Task 4: FMA whole ontology with SNOMED large fragment

System Time (s) # Mappings # Unique Scores Incoherence Analysis
Precision  Recall  F-measure Unsat. Degree
LogMapBio 7,046 6,470 162 0.832 0.648 0.729 0 0%
LogMap 624 6,540 271 0.811 0.642 0.717 0 0%
AML 181 8,163 2,818 0.685 0.710 0.697 0 0%
Wiktionary 24,379 2,034 227 0.782 0.218 0.341 989 3.0%
LogMapLt 15 1,820 26 0.851 0.208 0.334 974 2.9%
ATBox 54 1,880 124 0.801 0.207 0.329 958 2.9%
Table 5: Results for the largebio task 4.

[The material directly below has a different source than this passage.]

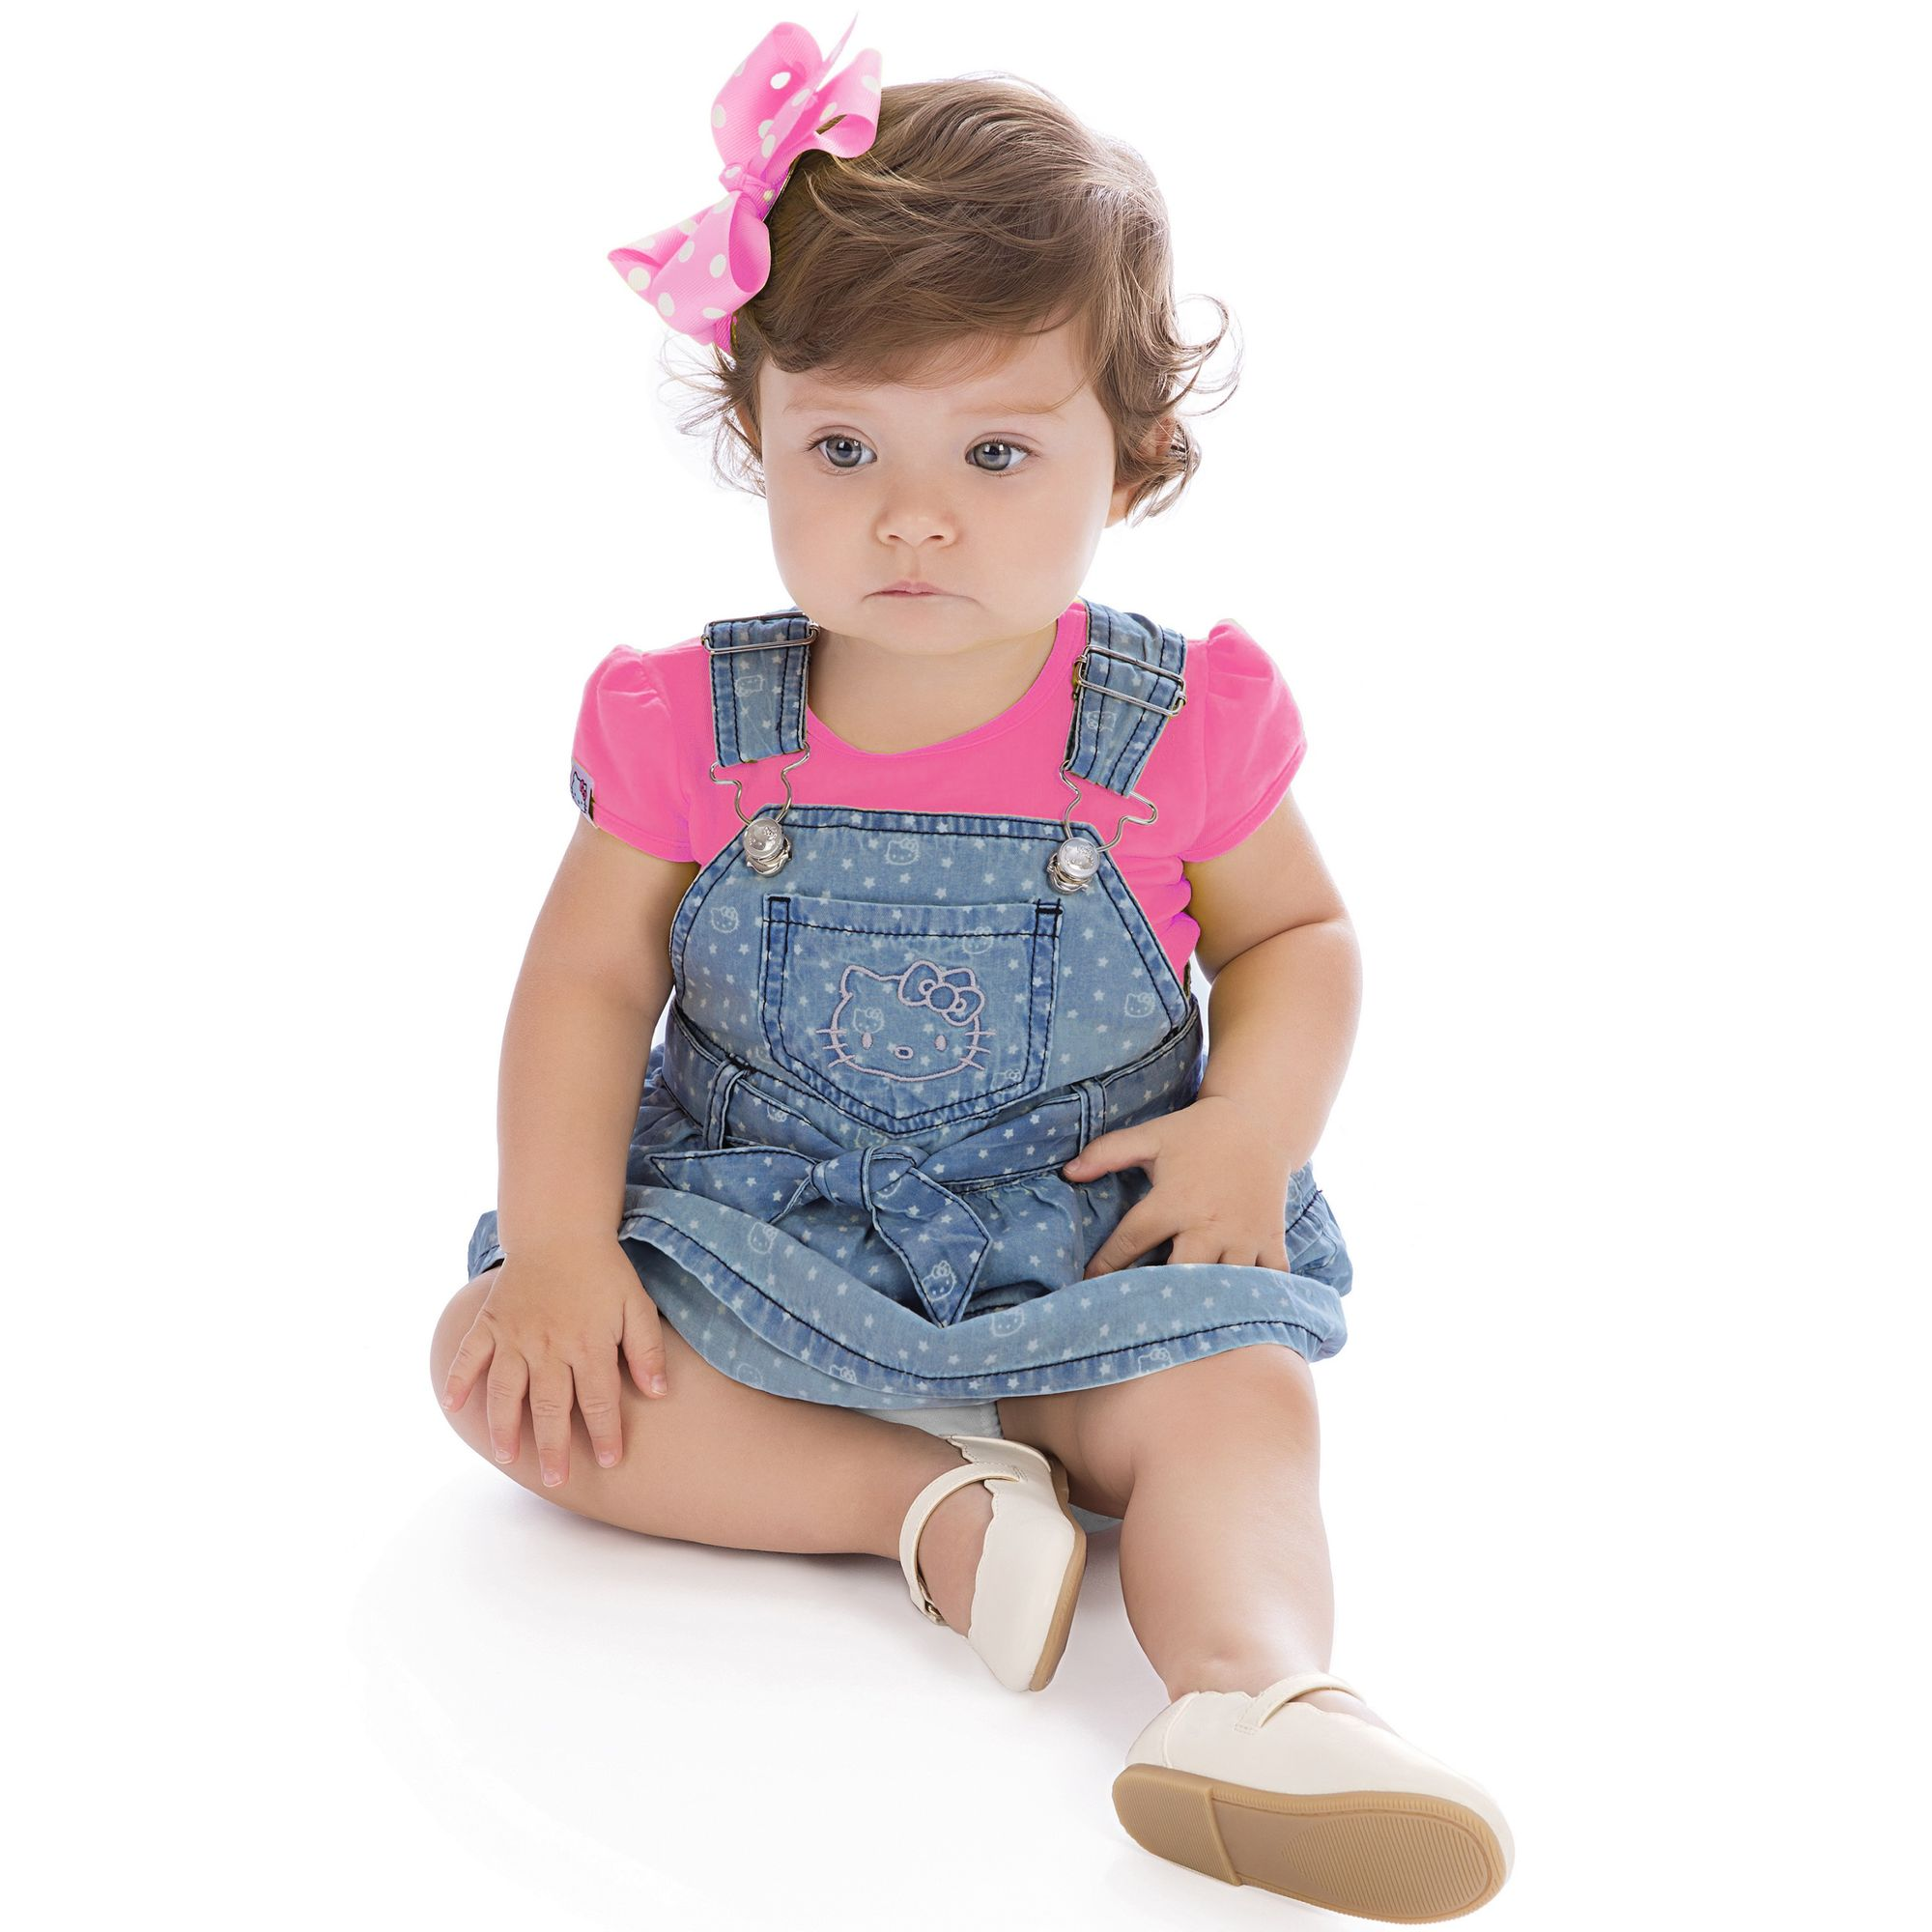 Jardineira jeans estrelas e camiseta pink hello kitty for Jardineira jeans infantil c a

4. Results for the SNOMED-NCI matching problem

Task 5: SNOMED-NCI small fragments

System Time (s) # Mappings # Unique Scores Incoherence Analysis
Precision  Recall  F-measure Unsat. Degree
AML 629 14,740 2,428 0.906 0.746 0.818 ≥3,967 ≥5.3%
LogMapBio 2,489 13,595 767 0.913 0.694 0.789 ≥0 ≥0%
LogMap 9 12,462 12 0.957 0.666 0.785 ≥0 ≥0%
Wiktionary 2,926 11,260 216 0.941 0.578 0.716 ≥51,724 ≥68.9%
LogMapLt 9 10,921 86 0.949 0.566 0.709 ≥60,447 ≥80.5%
ATBox 34 9,763 53 0.970 0.517 0.674 ≥55,868 ≥74.4%
Table 6: Results for the largebio task 5.


Task 6: NCI whole ontology with SNOMED large fragment

System Time (s) # Mappings # Unique Scores Incoherence Analysis
Precision  Recall  F-measure Unsat. Degree
AML 381 14,196 2,209 0.862 0.687 0.765 ≥535 ≥0.6%
LogMap 719 13,230 105 0.874 0.650 0.746 ≥1 ≥0.001%
LogMapBio 4,069 13,495 929 0.825 0.625 0.711 ≥0 ≥0%
LogMapLt 18 12,864 525 0.798 0.566 0.662 ≥72,865 ≥87.1%
Wiktionary 18,361 13,668 1,188 0.765 0.577 0.658 ≥68,466 ≥81.8%
ATBox 75 10,621 245 0.870 0.509 0.642 ≥65,543 ≥78.3%
Table 7: Results for the largebio task 6.